からなる群より選択される、９に記載の電子伝達促進剤。 The present invention encompasses the following embodiments:
[1] A composition comprising an oxidoreductase and a compound having the structure of formula I

[Where:
R ¹ , R ² and R ⁷ are each independently hydrogen, optionally substituted by one or more X, linear or branched C _1-6 alkyl, C _1-6 alkenyl, C _{1 -6} alkynyl, C _3-9 cycloalkyl, phenyl, 1-naphthyl, 2-naphthyl, anthracenyl or phenanthrenyl,
R ³ , R ⁴ , R ⁵ and R ⁶ are each independently hydrogen, optionally substituted by one or more Y, straight or branched C _1-6 alkyl, C _1-6 alkenyl. C _1-6 alkynyl, C _1-6 alkoxy, halo, nitro, cyano, carboxy, sulfone or amino;
R ⁸ is selected from the group consisting of phenyl, 1-naphthyl, 2-naphthyl, anthracenyl and phenanthrenyl, optionally substituted by one or more X;
Where X is hydrogen, optionally halo, amino, cyano, carboxy, carbonyl, alkoxy and sulfone, optionally substituted by a substituent selected from the group consisting of linear or branched C _1-6 alkyl C _1-6 alkenyl, C _1-6 alkynyl, C _1-6 alkoxy, halo, hydroxy, nitro, carboxy, cyano, sulfone or amino;
Y is selected from the group consisting of halo, amino, cyano, carboxy, carbonyl, alkoxy and sulfone.
[2] An electrode comprising an oxidoreductase and a compound having the structure of formula I

[Where:
R ¹ , R ² and R ⁷ are each independently hydrogen, optionally substituted by one or more X, linear or branched C _1-6 alkyl, C _1-6 alkenyl, C _{1 -6} alkynyl, C _3-9 cycloalkyl, phenyl, 1-naphthyl, 2-naphthyl, anthracenyl or phenanthrenyl,
R ³ , R ⁴ , R ⁵ and R ⁶ are each independently hydrogen, optionally substituted by one or more Y, straight or branched C _1-6 alkyl, C _1-6 alkenyl.
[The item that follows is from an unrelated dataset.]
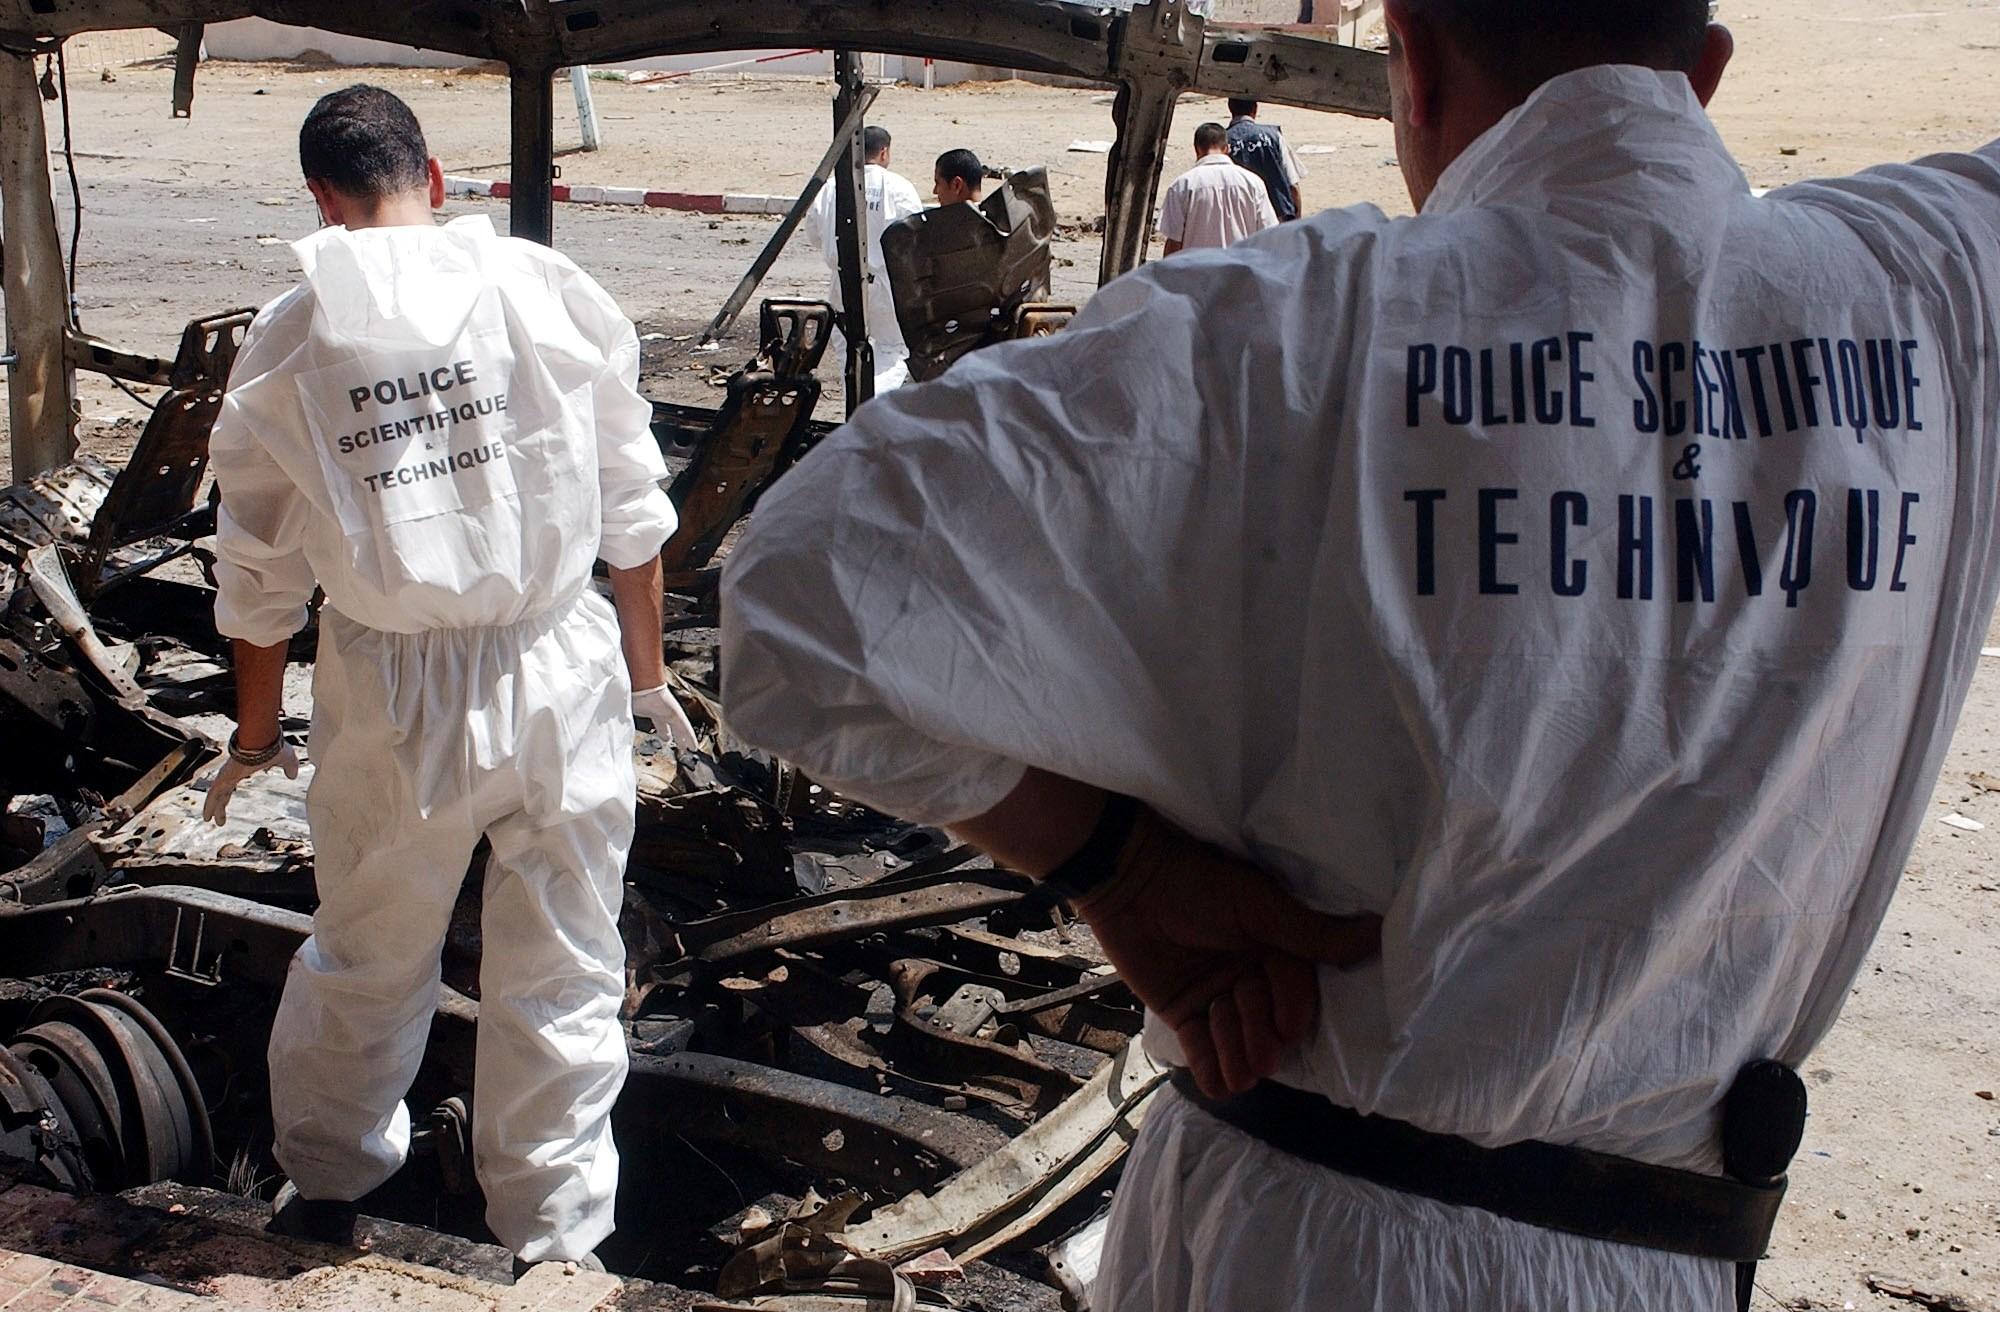 Le véhicule tous terrains a été soufflé par l'explosion de la bombe. Archives/New Press

C _1-6 alkynyl, C _1-6 alkoxy, halo, nitro, cyano, carboxy, sulfone or amino;
R ⁸ is selected from the group consisting of phenyl, 1-naphthyl, 2-naphthyl, anthracenyl and phenanthrenyl, optionally substituted by one or more X;
Where X is hydrogen, optionally halo, amino, cyano, carboxy, carbonyl, alkoxy and sulfone, optionally substituted by a substituent selected from the group consisting of linear or branched C _1-6 alkyl C _1-6 alkenyl, C _1-6 alkynyl, C _1-6 alkoxy, halo, hydroxy, nitro, carboxy, cyano, sulfone or amino;
Y is selected from the group consisting of halo, amino, cyano, carboxy, carbonyl, alkoxy and sulfone.
[3] The electrode according to 2, wherein the oxidoreductase is immobilized on the electrode.
[4] An enzyme sensor having the electrode according to 2 or 3.
[5] An electrochemical measurement method using the composition according to 1, the electrode according to 2 or 3, or the sensor according to 4.
[6] A method for modifying or modifying an electrode, comprising the step of bringing the composition according to 1 into contact with the electrode.
[7] The compound represented by Formula I is:

as well as

5. The composition according to 1, selected from the group consisting of: 2; the electrode according to 3 or 3; or the enzyme sensor according to 4.
[8] The compound represented by Formula I is:

as well as

The method according to 5 or 6, which is selected from the group consisting of:
[9] Electron transfer promoter having a chemical structure represented by formula I

[Where:
R ¹ , R ² and R ⁷ are each independently hydrogen, optionally substituted by one or more X, linear or branched C _1-6 alkyl, C _1-6 alkenyl, C _{1 -6} alkynyl, C _3-9 cycloalkyl, phenyl, 1-naphthyl, 2-naphthyl, anthracenyl or phenanthrenyl,
R ³ , R ⁴ , R ⁵ and R ⁶ are each independently hydrogen, optionally substituted by one or more Y, straight or branched C _1-6 alkyl, C _1-6 alkenyl. C _1-6 alkynyl, C _1-6 alkoxy, halo, nitro, cyano, carboxy, sulfone or amino;
R ⁸ is selected from the group consisting of phenyl, 1-naphthyl, 2-naphthyl, anthracenyl and phenanthrenyl, optionally substituted by one or more X;
Where X is hydrogen, optionally halo, amino, cyano, carboxy, carbonyl, alkoxy and sulfone, optionally substituted by a substituent selected from the group consisting of linear or branched C _1-6 alkyl C _1-6 alkenyl, C _1-6 alkynyl, C _1-6 alkoxy, halo, hydroxy, nitro, carboxy, cyano, sulfone or amino;
Y is selected from the group consisting of halo, amino, cyano, carboxy, carbonyl, alkoxy and sulfone.
[10] The compound represented by formula I is:

as well as

The electron transfer promoter according to 9, which is selected from the group consisting of:

  Unlike conventional mediators such as p-phenylenediamine, the phenylenediamine compound of the present invention is adsorbed directly on the electrode surface without the need for special treatment such as acid treatment of the electrode or polymerization of the mediator itself. Therefore, it can be simply immobilized on the electrode. Moreover, such an electrode can be used for electrochemical measurements. Such an electrode can be applied to a battery.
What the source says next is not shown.